The RV-3028-C7 is the first ultra-low power RTC-module requiring just 40nA!

The new Real-time Clock Module RV-3028-C7 sets the new benchmark for lowest power consumption: 40 nA at a supply 3 V. The high accuracy of ±1 ppm at room temperature eliminates any calibration during manufacturing. The tiny package of just 3.5 x 1.5 x 0.8 mm combines the quartz crystal with the RTC circuit, offering also an integrated battery-back-up switch. The extreme low power consumption allows using MLCC capacitors to cover the back-up time. Together with an event detection input it features all the prerequisites for Wearables, Medical Healthcare and power sensitive IoT applications.

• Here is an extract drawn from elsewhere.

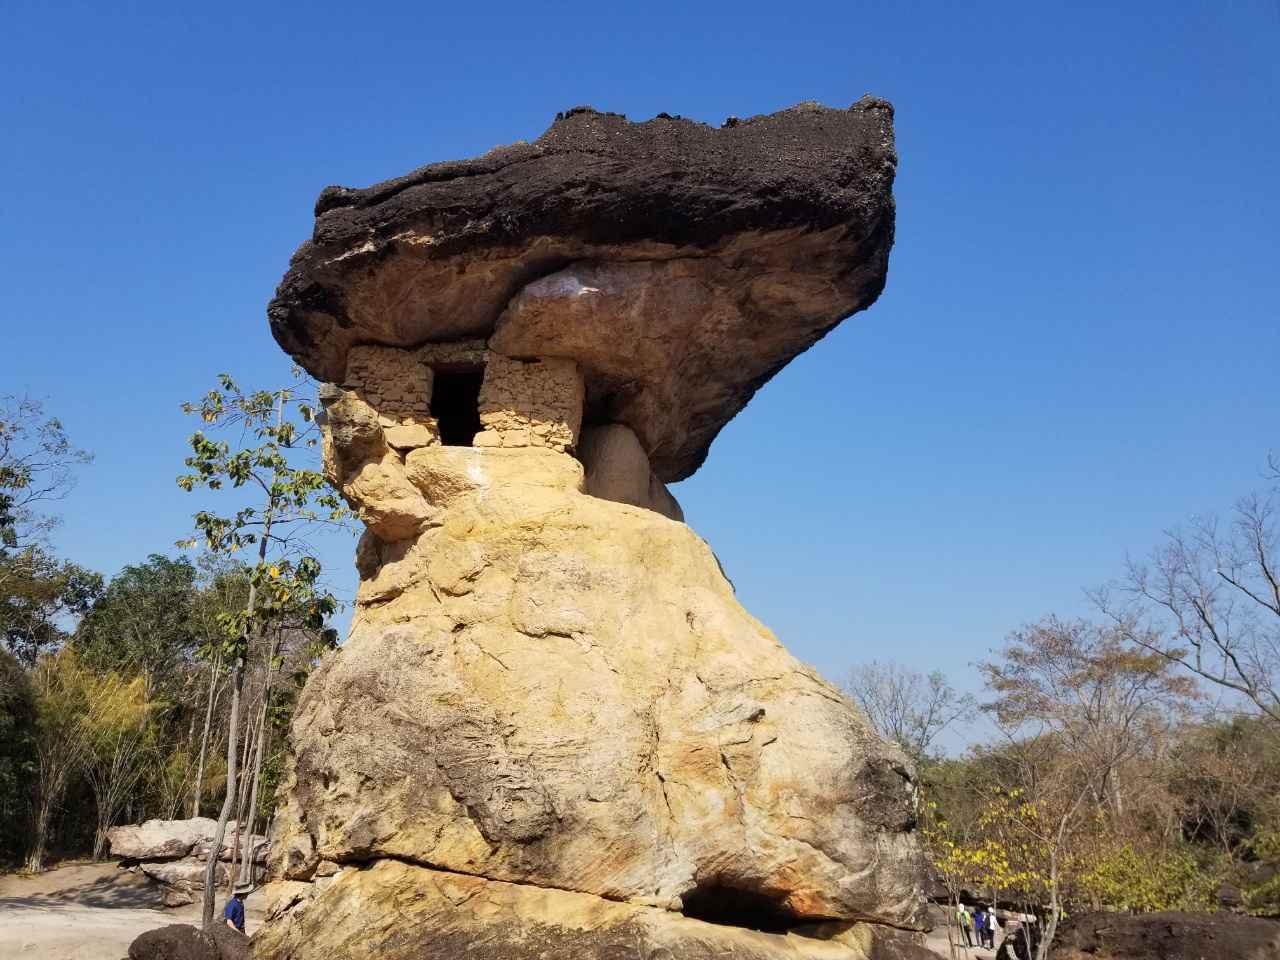 画像: 奇妙な形をした岩がたくさん!(2019年1月弊社スタッフ撮影)

  • Industries lowest current consumption of only 40 nA at 3 V supply
  • Factory calibrated time reference ±1.0 ppm at 25°C
  • Integrated 32.768 kHz Quartz Crystal
  • Event input for time-stamping during system power-down
  • Battery back-up switch with trickle charge ideal also for MLCC and Supercap
  • Wide voltage range 1.2 to 5.5V
  • Ultra-miniature ceramic SMD package: 3.2 x 1.5 x 0.8 mm
  • Provides year, month, date, weekday, hours, minutes and seconds
  • 32 bit Unix time counter e.g. for security code calculations
  • I²C interface 400 kHz


Specific link to the home page: http://www.microcrystal.com/index.php/products/real-time-clocks


Quote:
Markus Hintermann, International Product Manager at Micro Crystal AG in Switzerland quotes: "The RTC-Module RV-3028-C7 is the new mile stone in the field of time references. The combination of timing with back-up circuitry featuring the industry's lowest power consumption extends the autonomy in harsh conditions and will become the time reference of choice for Wearable and IoT applications."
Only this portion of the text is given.